« Je suis déchétarien et vous ? »

Ils sont jeunes, propres sur eux, en bonne santé, étudiants, employés, la nuit ils s’en vont en catimini dans les arrières cours des supermarchés, s’éclairant d’une lampe frontale et, rendus sur place, ils plongent, mains protégées de gants de chantier, dans les bennes à ordures du magasin…


Rien à voir avec des Sdf ou des immigrés laissés pour compte, voire des chômeurs qui font les poubelles dans les rues devant vous. Eux, récupèrent, non par faim, mais par idéologie. Ils se nomment « freegans », soit la contraction de « libre » (free) et de « vegan » (végétalien).

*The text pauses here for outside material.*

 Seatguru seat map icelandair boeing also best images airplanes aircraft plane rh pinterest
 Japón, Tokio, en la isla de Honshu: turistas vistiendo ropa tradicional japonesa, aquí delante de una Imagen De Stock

Le mouvement a pris naissance en 1989 à New York, initié par des écologistes et a fait boule de neige, là-bas en tout cas. Leur régime alimentaire a été baptisé ici, de façon plus compréhensible, « déchétarisme », car leur moisson faite, ils rentrent chez eux et se nourrissent de ce qu’ils ont ramassé dans les bennes. L’inventaire va des régimes de banane, yaourts, fromages, fruits, boissons, viennoiseries, cuisses de poulet, à des barquettes de plats cuisinés, chaque produit encore emballé et pas forcément au-delà de la limite de consommation.

La récolte n’est pas toujours exceptionnelle, comme le racontent deux « freegans » de Tours, mais de quoi au bout du compte, bon soir, mauvais soir, remplir un réfrigérateur. Certes, il faut dépasser l’écoeurement initial, viscéral, de manger ce qui sort d’une poubelle, mais on s’y fait, disent-ils, en sachant bien regarder l’état du produit que l’on a entre les mains.

Face au gaspillage de nos sociétés industrialisées, les uns font du déchétarisme un choix de vie. D’autres s’y sont mis après une période de vraie galère. Combien sont-ils en France ? Une seule indication : le forum de leur site internet francophone réunit plusieurs centaines d’ »actifs ». Fort à parier que leur nombre augmentera, si le pouvoir d’achat continue à baisser et le chômage à augmenter. D’autant que même la Fédération du commerce et de la distribution reconnaît que les produits jetés sont la plupart du temps consommables.